>>>>
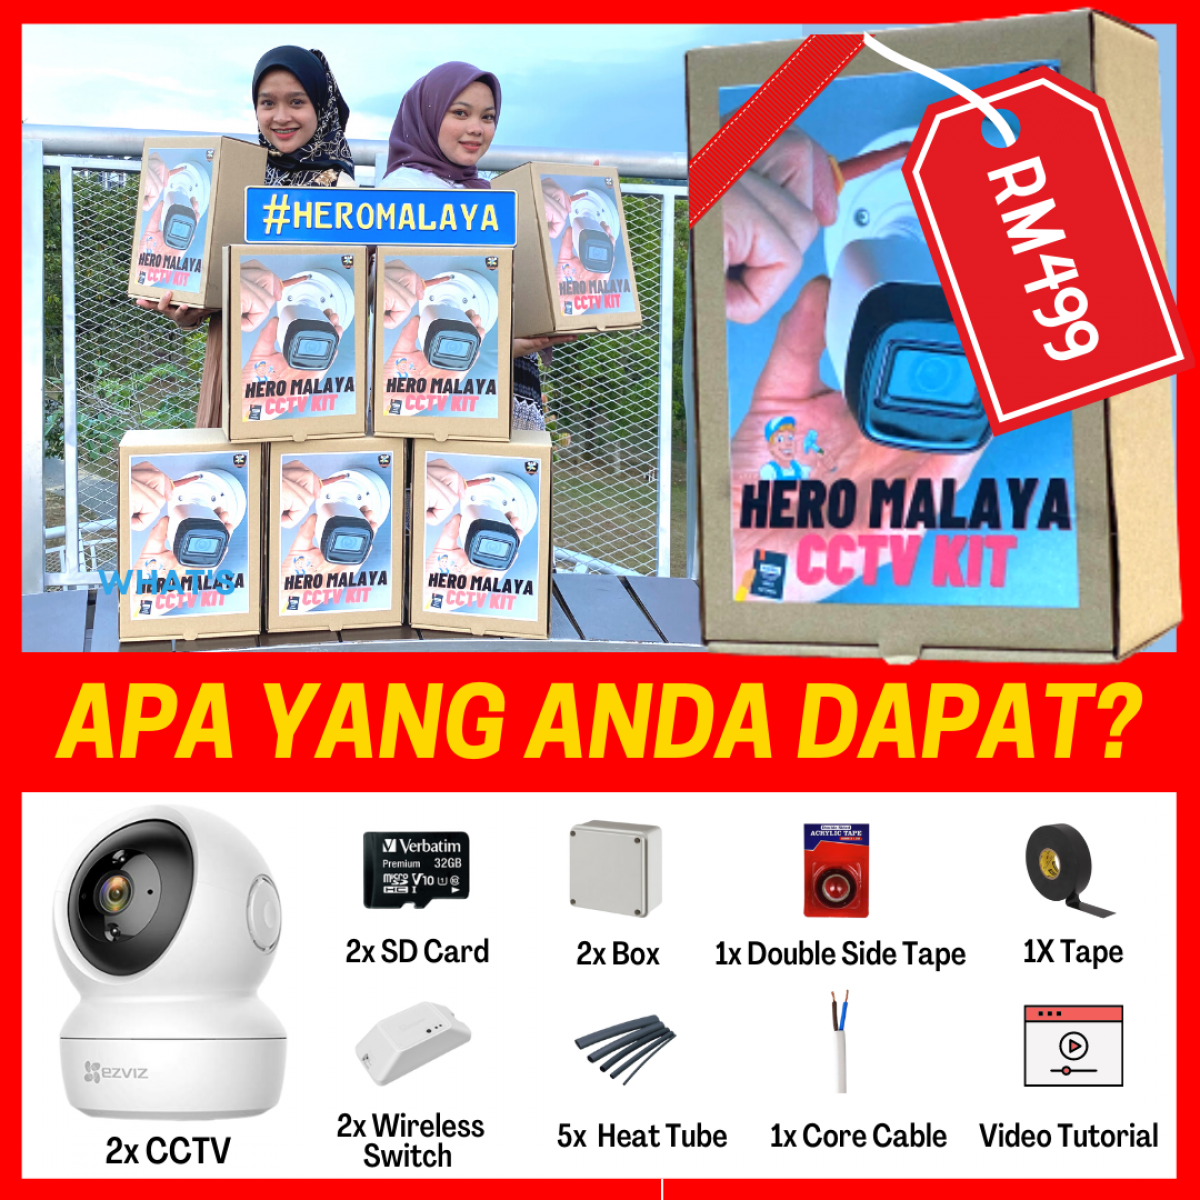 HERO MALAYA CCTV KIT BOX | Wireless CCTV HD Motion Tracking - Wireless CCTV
<<<<
>>>>
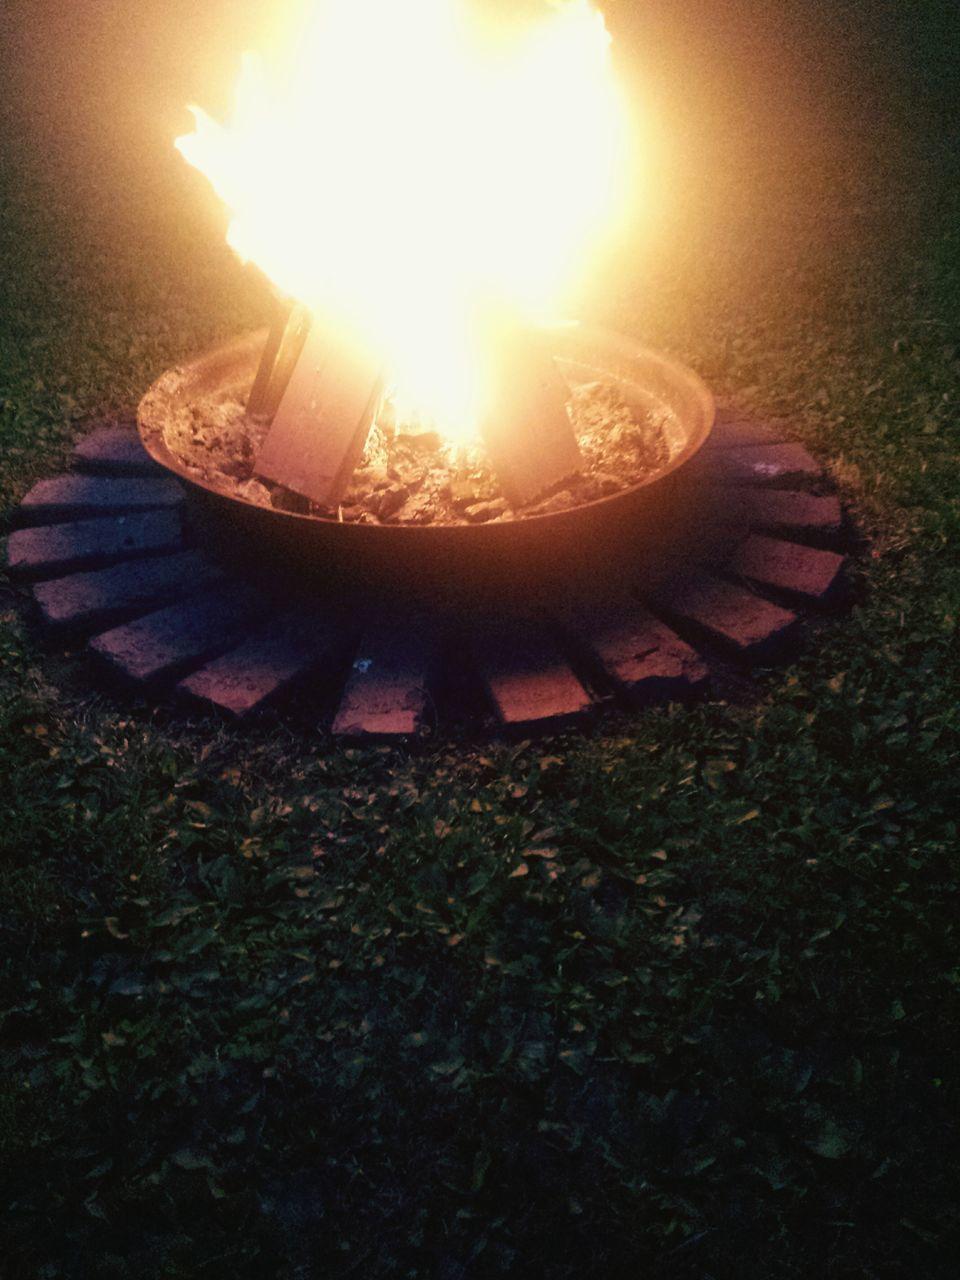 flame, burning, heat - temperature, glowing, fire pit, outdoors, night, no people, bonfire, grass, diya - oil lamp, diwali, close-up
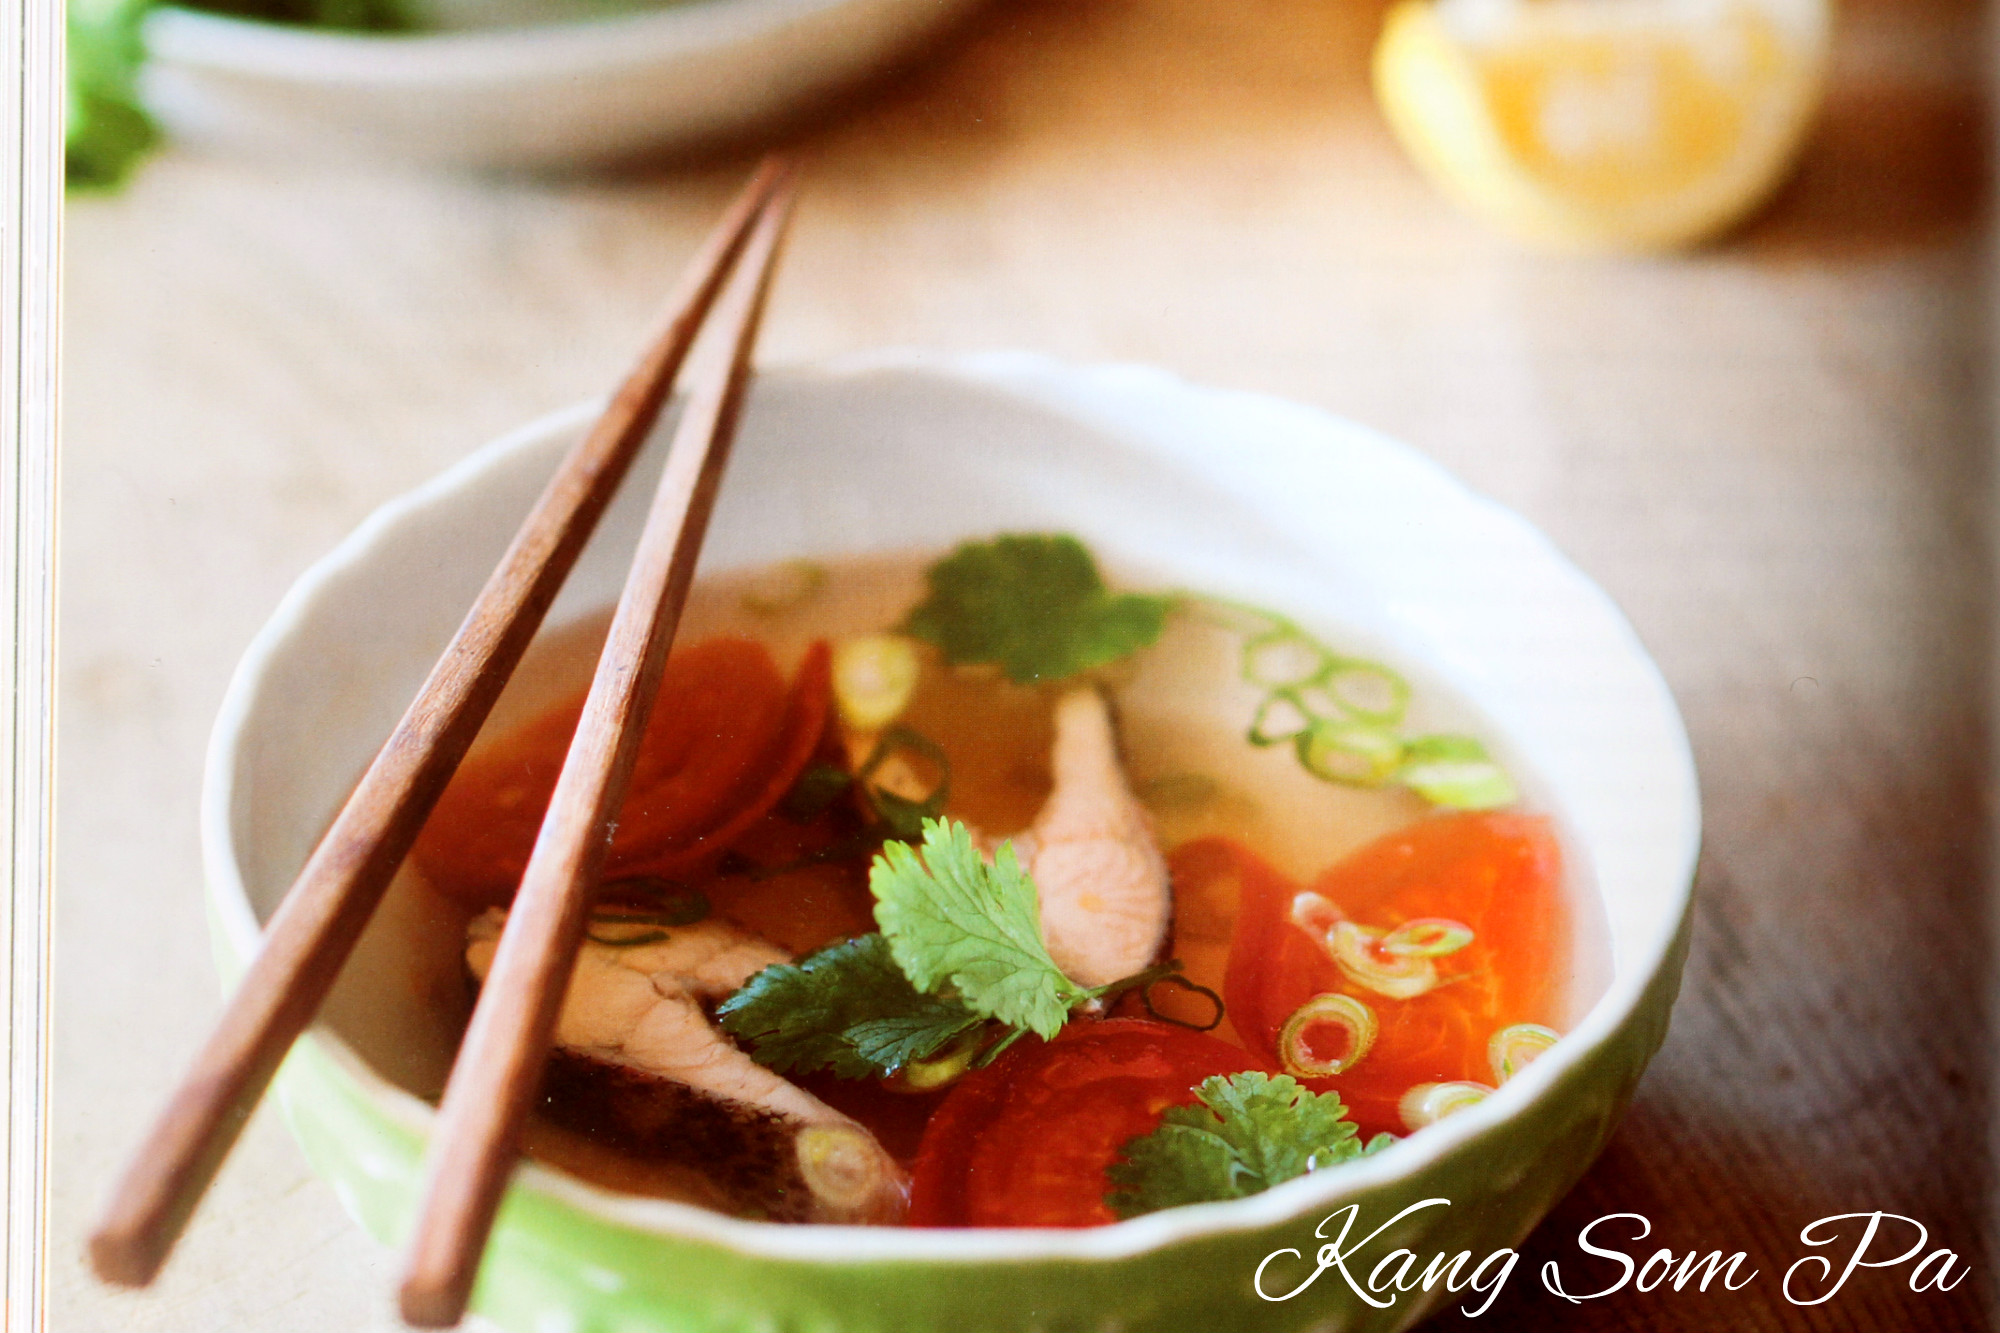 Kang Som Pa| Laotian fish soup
<<<<
>>>>
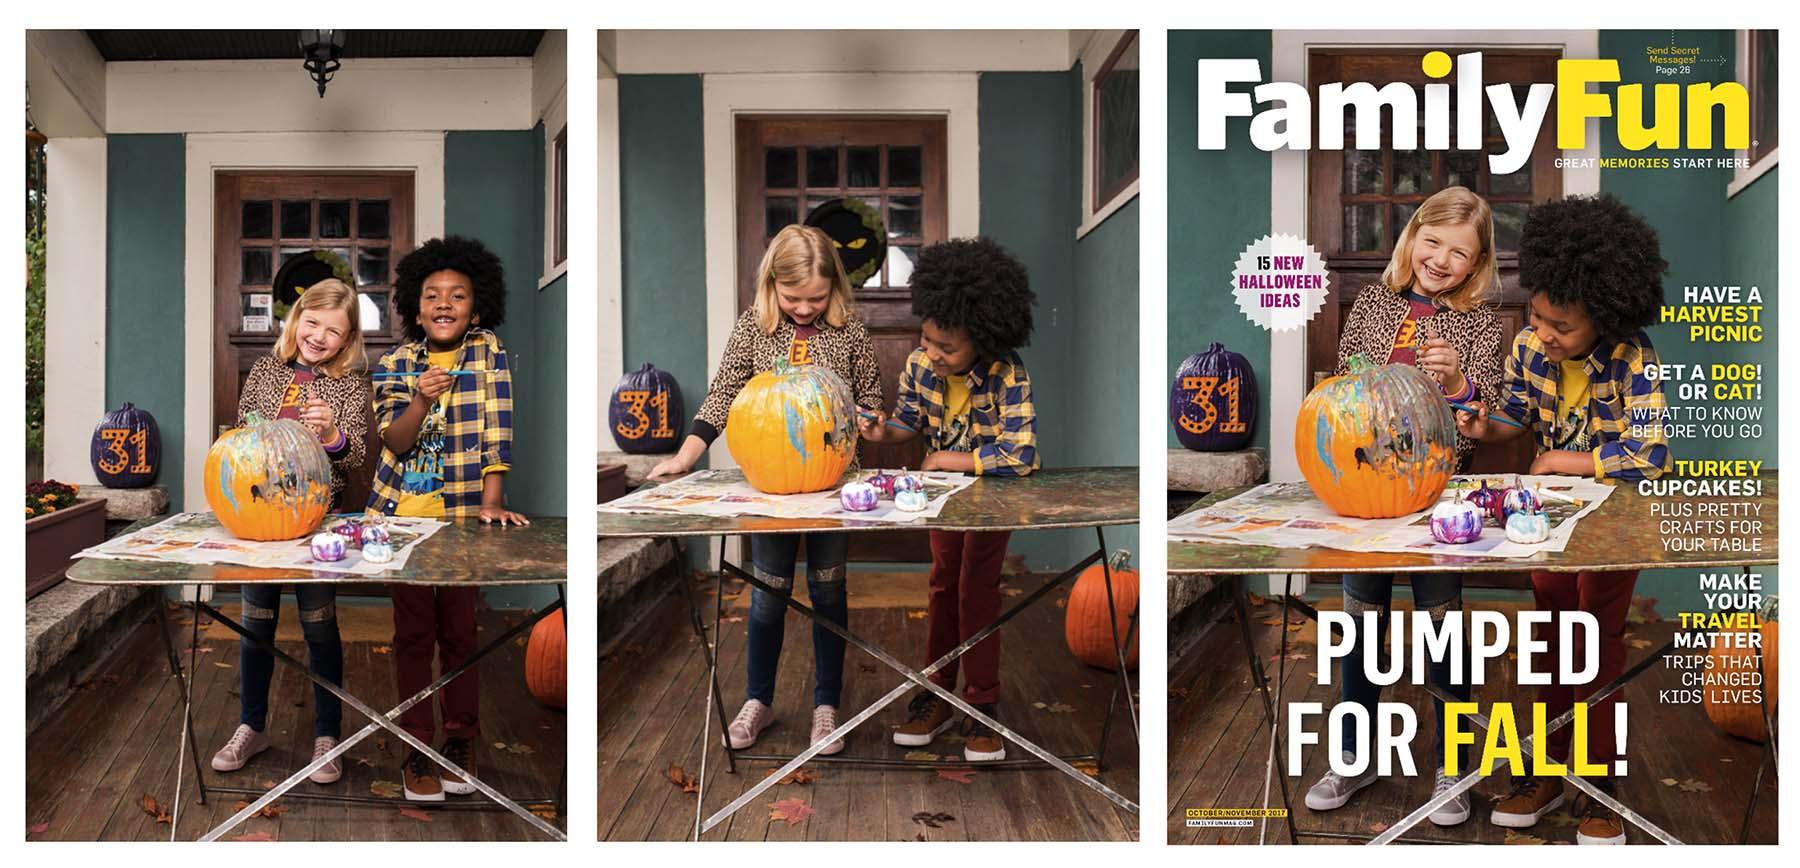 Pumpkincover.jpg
<<<<
* REQUIRED WORK:
With the pictures left out, write out exactly the lines above from the one containing "flame, burning, heat" through the one containing "Kang Som Pa| Laotian fish soup".

* ANSWER BELOW:
 flame, burning, heat - temperature, glowing, fire pit, outdoors, night, no people, bonfire, grass, diya - oil lamp, diwali, close-up
 Kang Som Pa| Laotian fish soup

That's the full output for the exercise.